China is buying oil assets in Latin America and helping finance exploration at companies such as Brazil’s Petroleo Brasileiro SA (PETR4) to meet rising demand as its economy surges. The U.S. is also seeking new sources of crude as traditional suppliers such as Mexico and Venezuela struggle to maintain output. U.S. President Barack Obama said in March that the U.S. wanted to become one of Brazil’s “best customers” for oil.

The Bogota-based company plans to boost output to 1.3 million barrels per day in 2020 as it taps reserves in Colombia, the U.S. Gulf of Mexico, Peru and Brazil through exploration and asset purchases. Ecopetrol, which had average output of about 615,900 barrels per day last year, plans to spend about $80 billion over the next 10 years to reach its goals, he said.
Investment Plan

Ecopetrol’s investment plan includes construction of the $4.2 billion Bicentennial pipeline, which will carry crude from fields in eastern Colombia to the Caribbean coast.
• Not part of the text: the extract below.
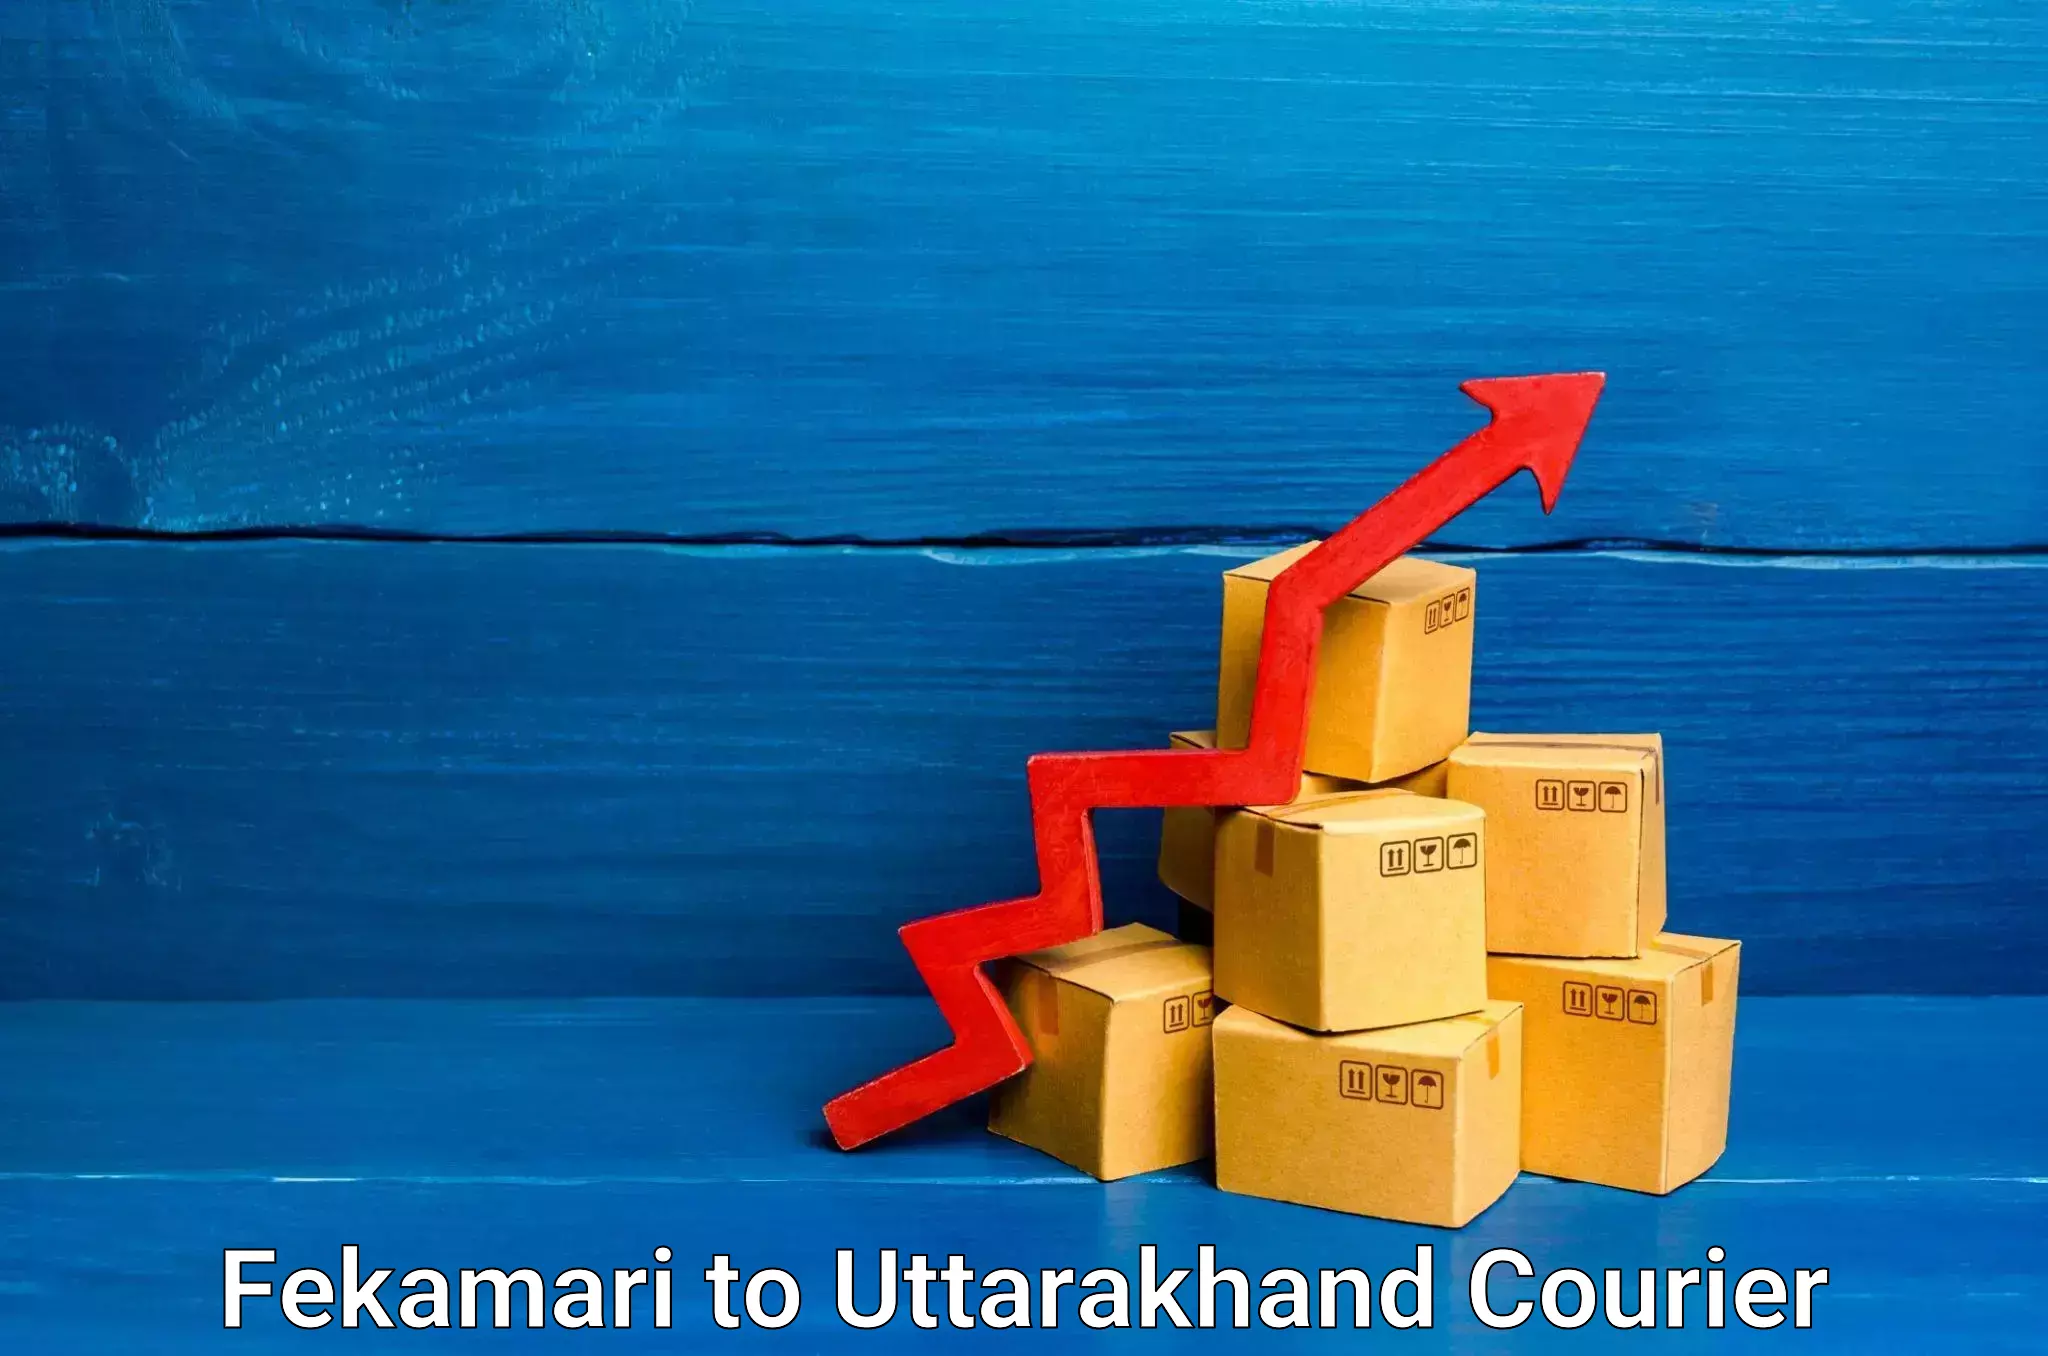 Courier service comparison Fekamari to IIT Roorkee

The company will need to build infrastructure to meet its goal of boosting exports because fuel transportation capacity has lagged gains in its production, Mauricio Restrepo, an analyst at Medellin-based brokerage Bolsa & Renta, said.

“There is more than enough oil -- what is lacking is a way to carry it,” Restrepo said in a telephone interview.
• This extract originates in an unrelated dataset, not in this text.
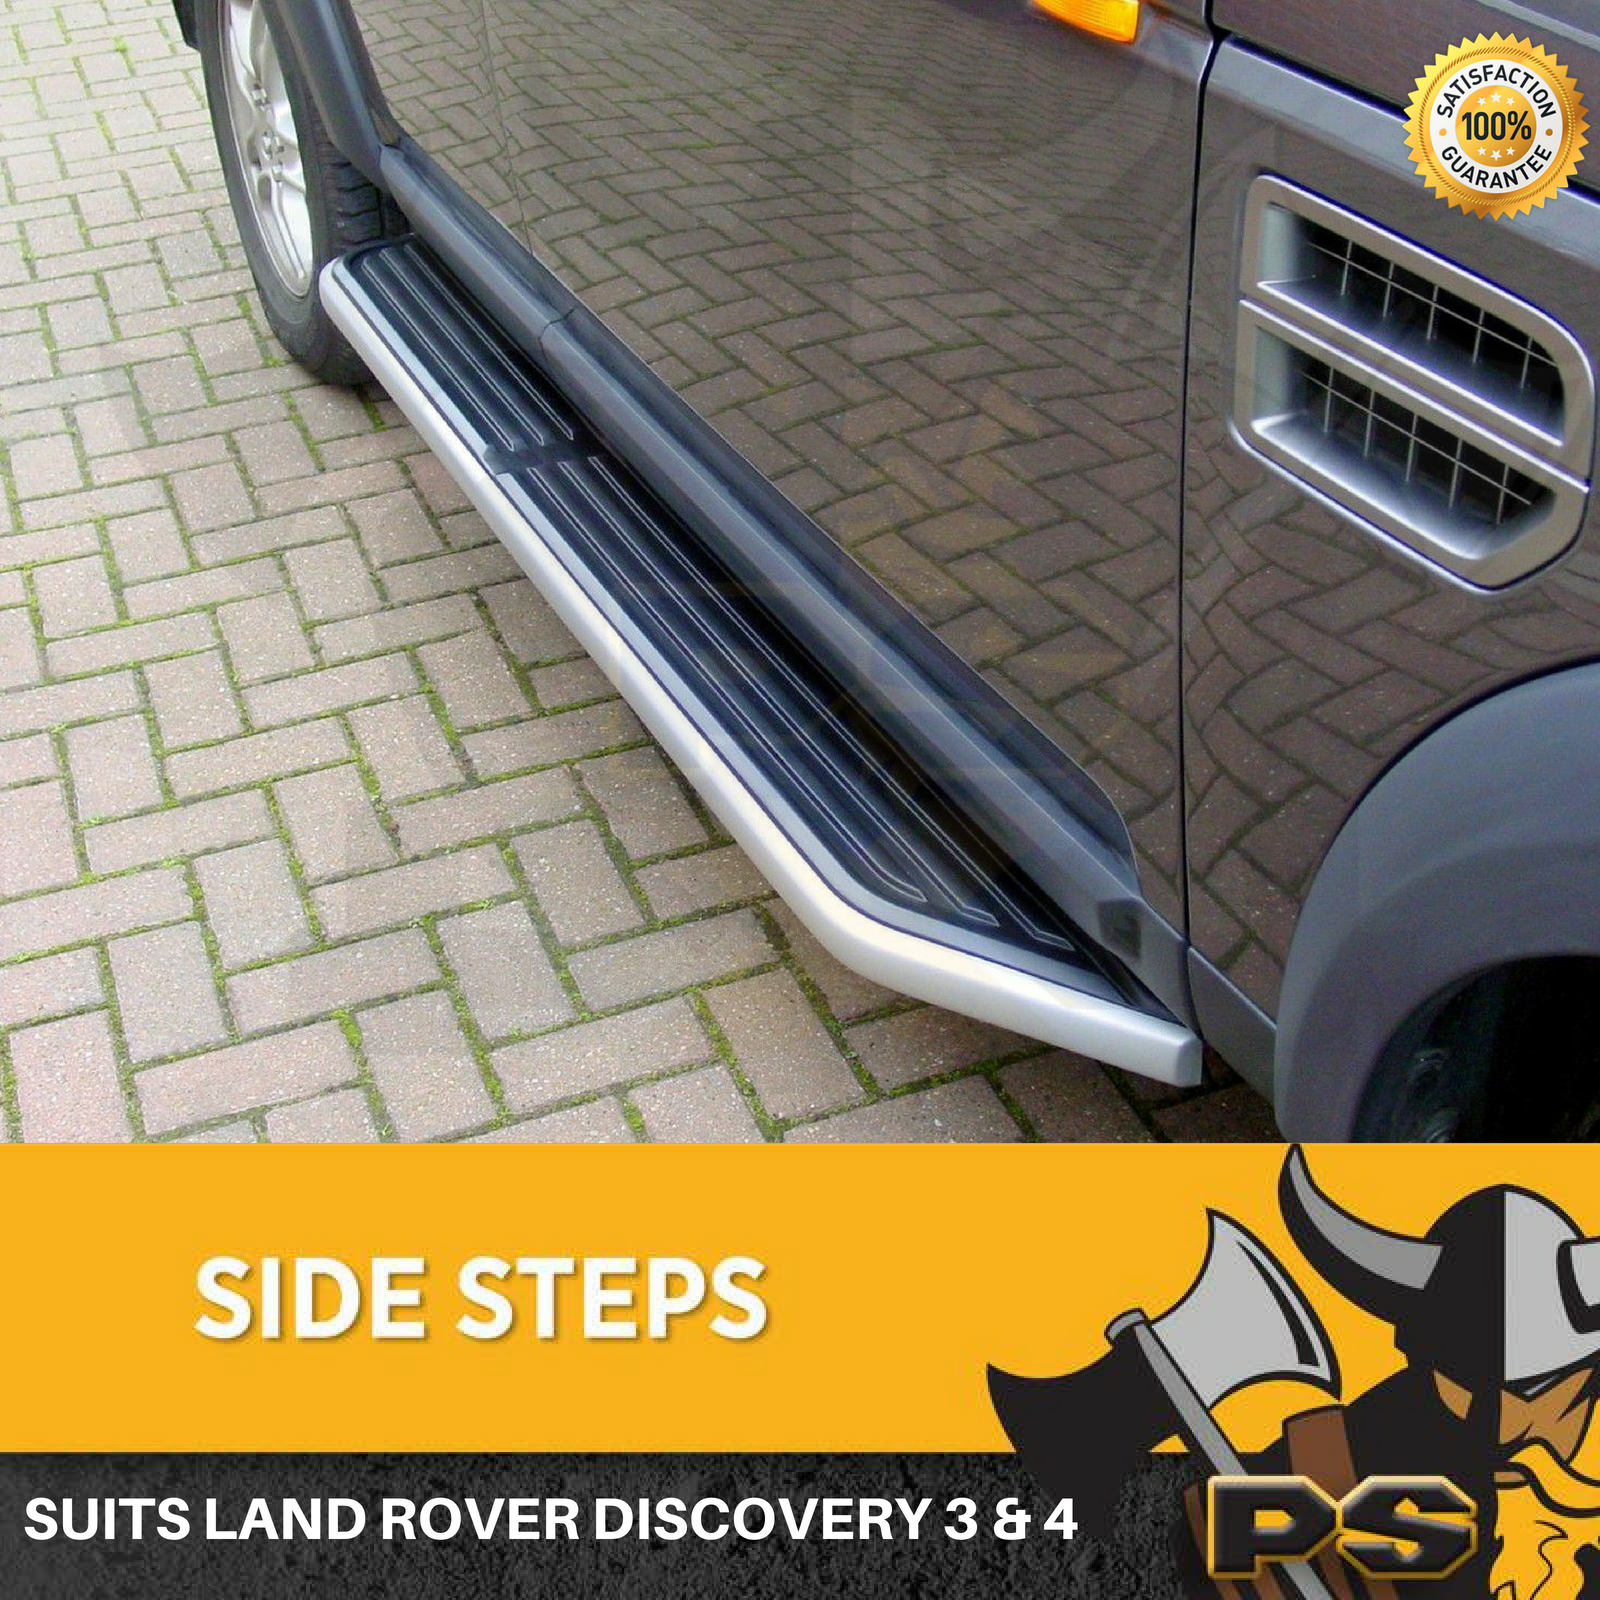 Пороги Land Rover Discovery 3 Discovery 4 пороги подножки OEM. Пороги на ленд Ровер Дискавери 4. Discovery 3 подножки. Land Rover Discovery 4 пороги штатные. Подножка дискавери

China, the world’s largest energy consumer, is snapping up more Colombian coal and crude after the Asian economy expanded 9.7 percent in the first quarter. China Petroleum Corp., known as Sinopec, also agreed to pay $7.1 billion for a 40 percent stake in Repsol YPF’s Brazilian unit in October as part of asset purchases the company made throughout Latin America last year.
Third-Largest Producer

Colombia, South America’s third-largest crude producer, may more than double output in 2020 to 2 million barrels per day, as Ecopetrol and other companies increase production, Gutierrez said. Improved security after the government repelled guerrilla groups has helped lure investors including billionaires Eike Batista and Carlos Slim to the nation’s energy reserves.



This year, Ecopetrol has had to repair pipelines in eastern and southern Colombia after guerrilla sabotage. Attacks by rebel groups on Colombian pipelines, roadways and bridges fell to 76 in 2009 from more than 800 in 2002, according to the government.

To fund expansion, Ecopetrol plans to sell shares for the first time since raising $2.7 billion in an initial public offering in 2007.

The sale will take place this year “in principle,” with the timing dependent on “market conditions,” Gutierrez said, declining to provide further information on the sale.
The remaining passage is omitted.